В наследии Булгакова статьям о русской литературе[1] не принадлежит центрального места, однако, создававшиеся в разные десятилетия, они вошли в контекст религиозно-философской критики Серебряного века и эмиграции, отразили искания значительной части творческой интеллигенции первой трети ХХ в. и стали свидетельством о духовной эволюции их автора. Осмысление религиозных устремлений русских писателей, персонажей их произведений выводит у Булгакова к постижению аксиологических диапазонов художественного творчества, а также к самопознанию в пространстве истории, современности и вечности.
Аксиологический подход к литературе, творческой индивидуальности художника обозначается уже в ранней статье «Чехов как мыслитель» (1904), созданной на материале публичных лекций о Чехове в Ялте и Петербурге.

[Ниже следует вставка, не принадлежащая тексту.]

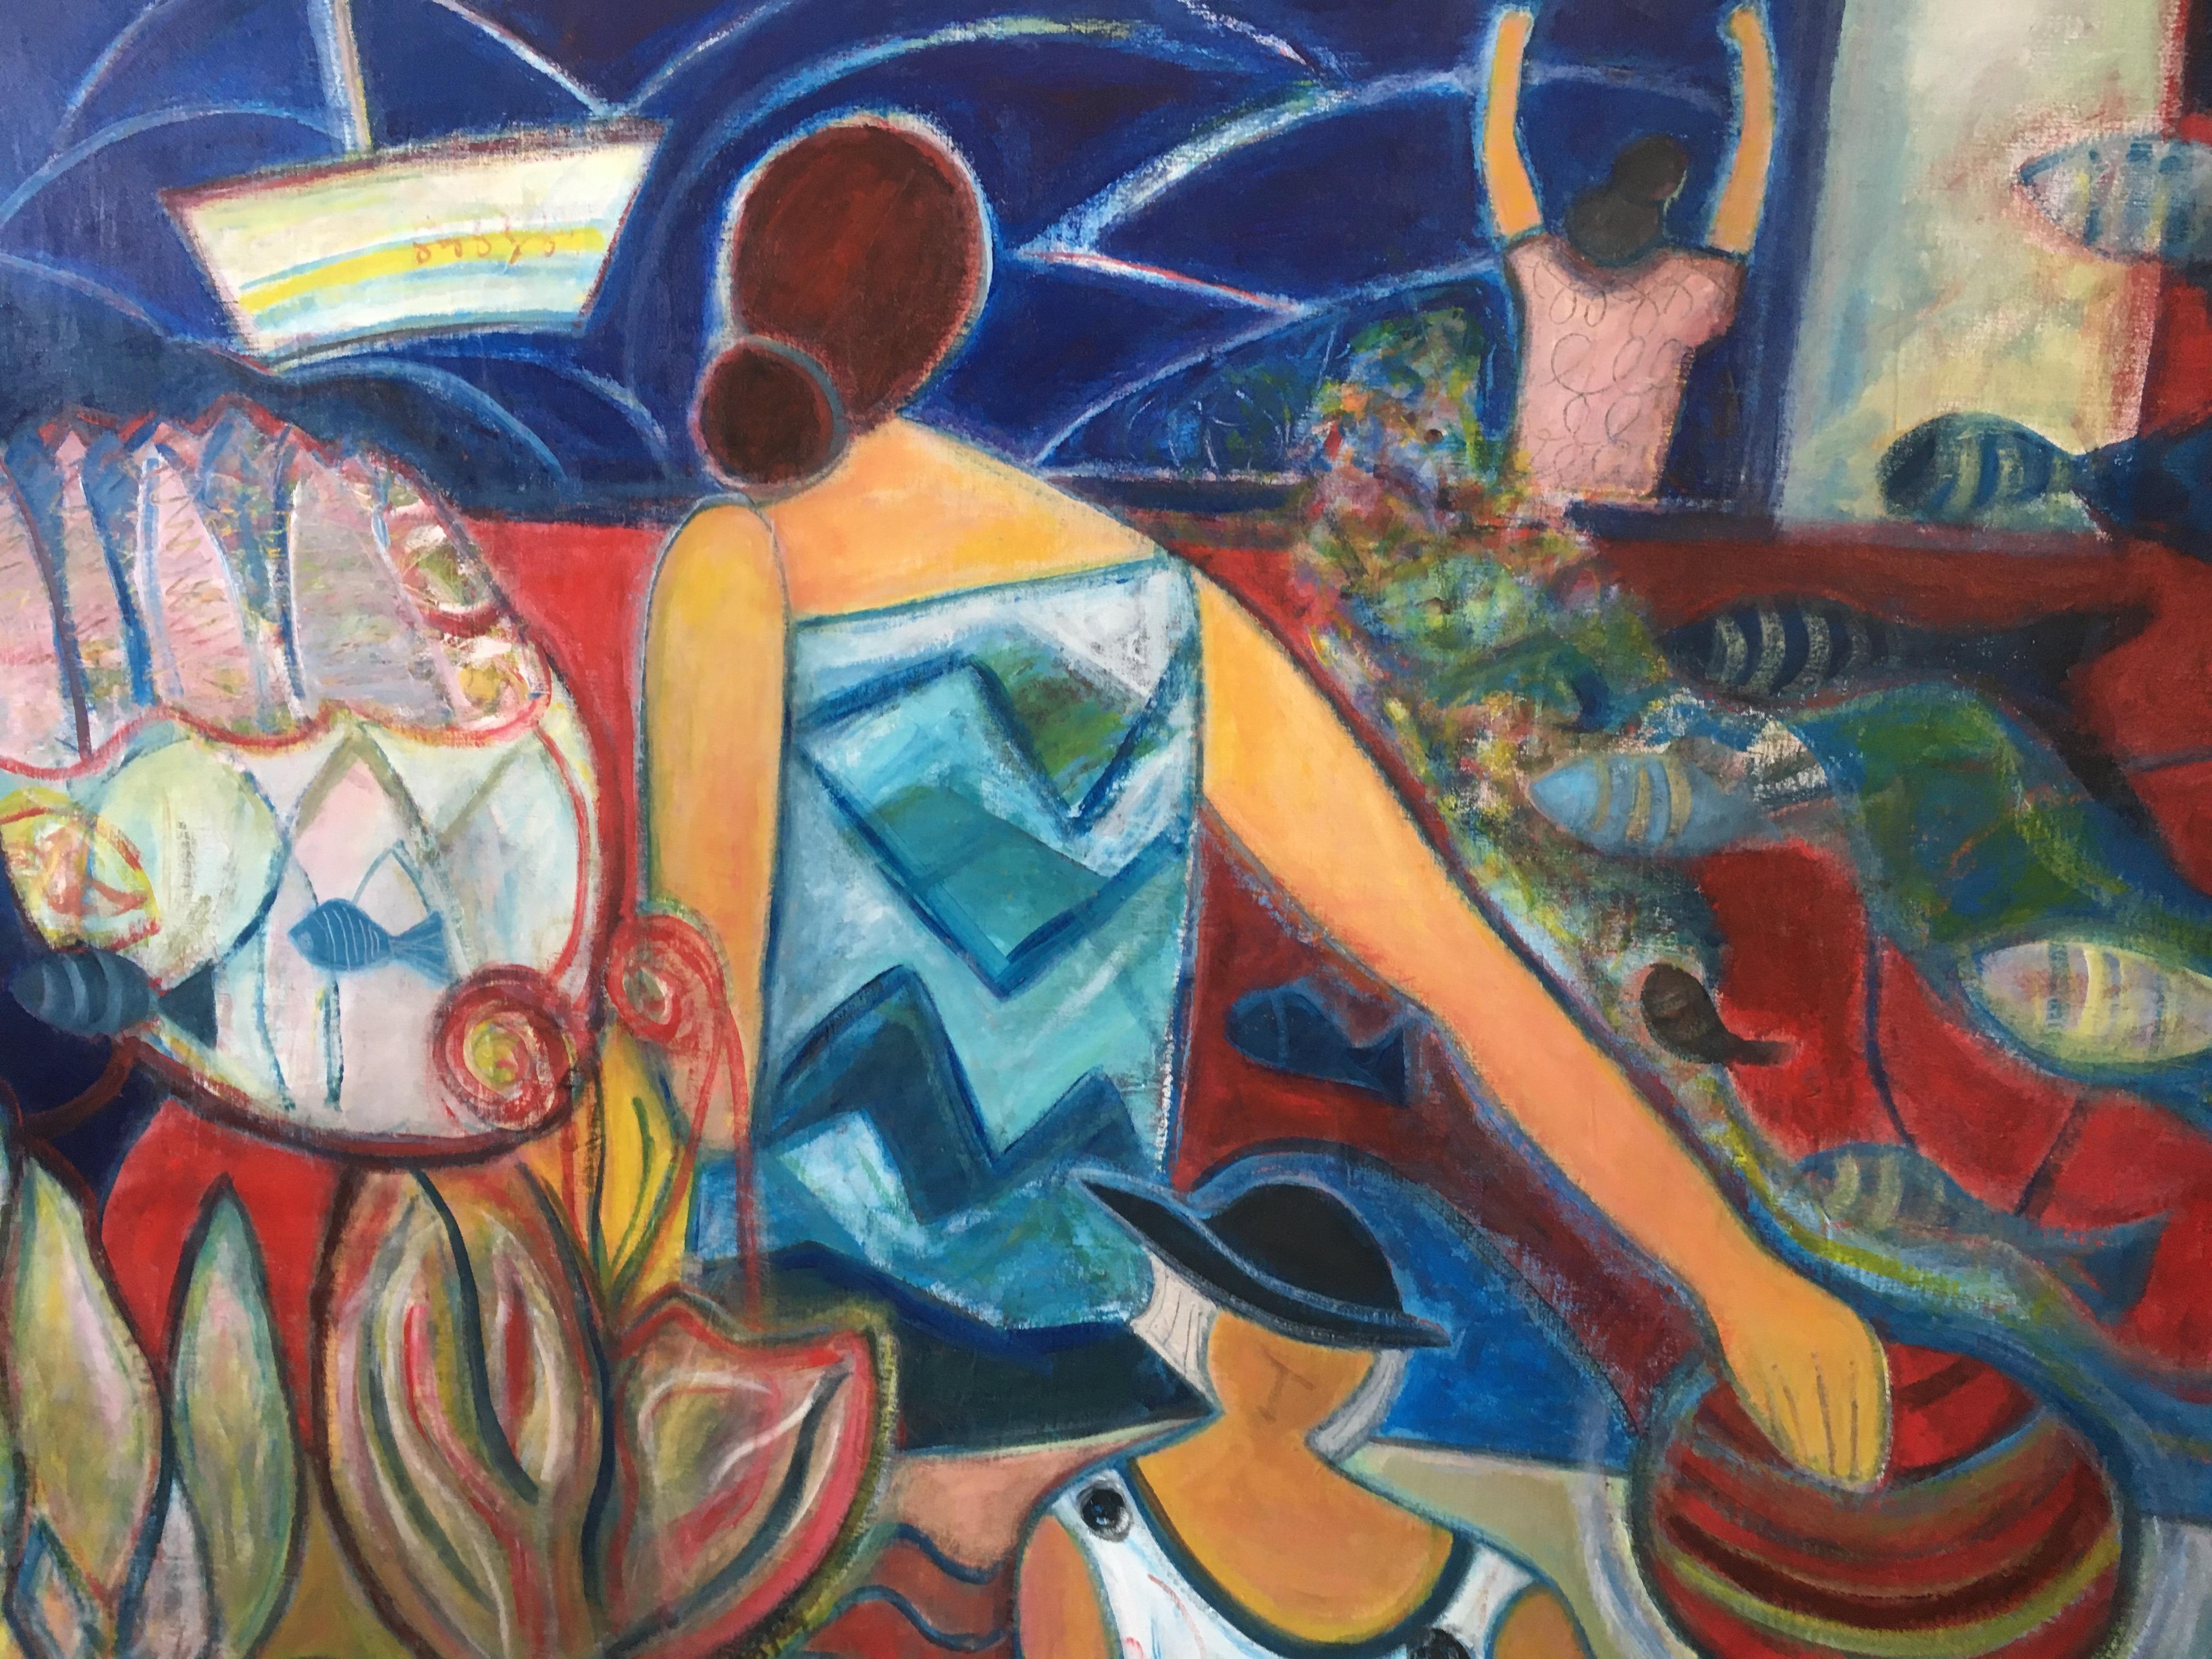 Diese 39 "x 47" Acryl auf Leinwand Gemälde von Josette Simon-Gestin zeigt eine bunte Sommer imaginären Meereslandschaft mit weiblichen Figuren. "Ich habe diese Serie von drei Werken gemalt, als ich in der Bretagne eingeschlossen war, betäubt und

Основополагающими в размышлениях о личности художника становятся у Булгакова интуиции о Божественном даре, суде совести, духовной жизни писателя: «Мы подходим к Чехову со стороны общечеловеческой, обращаемся к нему не только как к художнику, одаренному Божественным, но и опасным, могучим, но и ответственным даром искусства, а как к человеку, ответственному пред тем же великим и страшным судом совести, одержимому теми же муками, сомнениями и борениями, что и мы, и лишь особым, ему одному свойственным способом выражающему их в художественных образах».
Подхватывая суждение позднего Толстого о том, что мыслитель и художник не могут безмятежно пребывать на «олимпийских высотах» своих эстетических озарений, но «должны страдать вместе с людьми», Булгаков, вопреки расхожим в критике рубежа веков утверждениям о чеховской «безыдейности», вписывает его в ценностную парадигму русской литературы – «философской parexсellence», высветляет в созданных им произведениях «искание правды, Бога, души, смысла жизни» и, самое главное, «русское искание веры», порожденное «тоской по высшему смыслу жизни, мятущимся беспокойством русской души и ее больной совестью».
В поле пристального внимания критика попадают прежде всего те чеховские рассказы, повести, драмы, где течением будней испытывается то теплящееся, то угасающее религиозное чувство героев. «Скучная история» и «Иванов», «Студент» и «Дядя Ваня», «Три сестры» и «Палата № 6», «крестьянские» произведения («Святою ночью», «Мужики», «В овраге») не просто поднимают «вопрос о нравственной слабости, бессилии добра в душе среднего человека», воссоздают порой «историю религиозного банкротства живой и благородной человеческой души», но и сквозь бессодержательные, случайные разговоры и поступки запечатлевают исповедальное самораскрытие духовно погибающих, потерявших Бога персонажей. В калейдоскопе разнообразных судеб литературных героев Булгаковым прорисовывается парадоксальный духовный портрет автора – «вдумчивого экспериментатора», являющего «веру тоскующую, рвущуюся и неспокойную, но, однако, по-своему крепкую и незыблемую». Критик непроизвольно становится художником, когда в статье описывается, как «сумрачный мир, изображаемый Чеховым, освещается им ровным и ласковым светом», а сердце писателя «истекает кровью от сострадания». В виде развернутой метафоры передаются порывы чеховских интеллигентов и простолюдинов к истинной вере с «намеком на затаенные мысли и чаяния… самого автора»: «Говорят, что в морских глубинах живут растения, никогда не видящие солнца, и, однако, как и все живое, они живут только солнцем, без него они не могли бы и появиться на свет и просуществовать одного дня, хотя как легко и как, казалось бы, убедительно они могли бы отрицать существование солнца. Такими подводными растениями являются и многочисленные персонажи Чехова. Он дает только чувствовать солнце, и лишь изредка стыдливо и как бы невзначай, обычно от третьего лица, Чехов прямо говорит о нем – только в виде исключения, золотой луч несмело блеснет и тотчас же погаснет на дне оврага».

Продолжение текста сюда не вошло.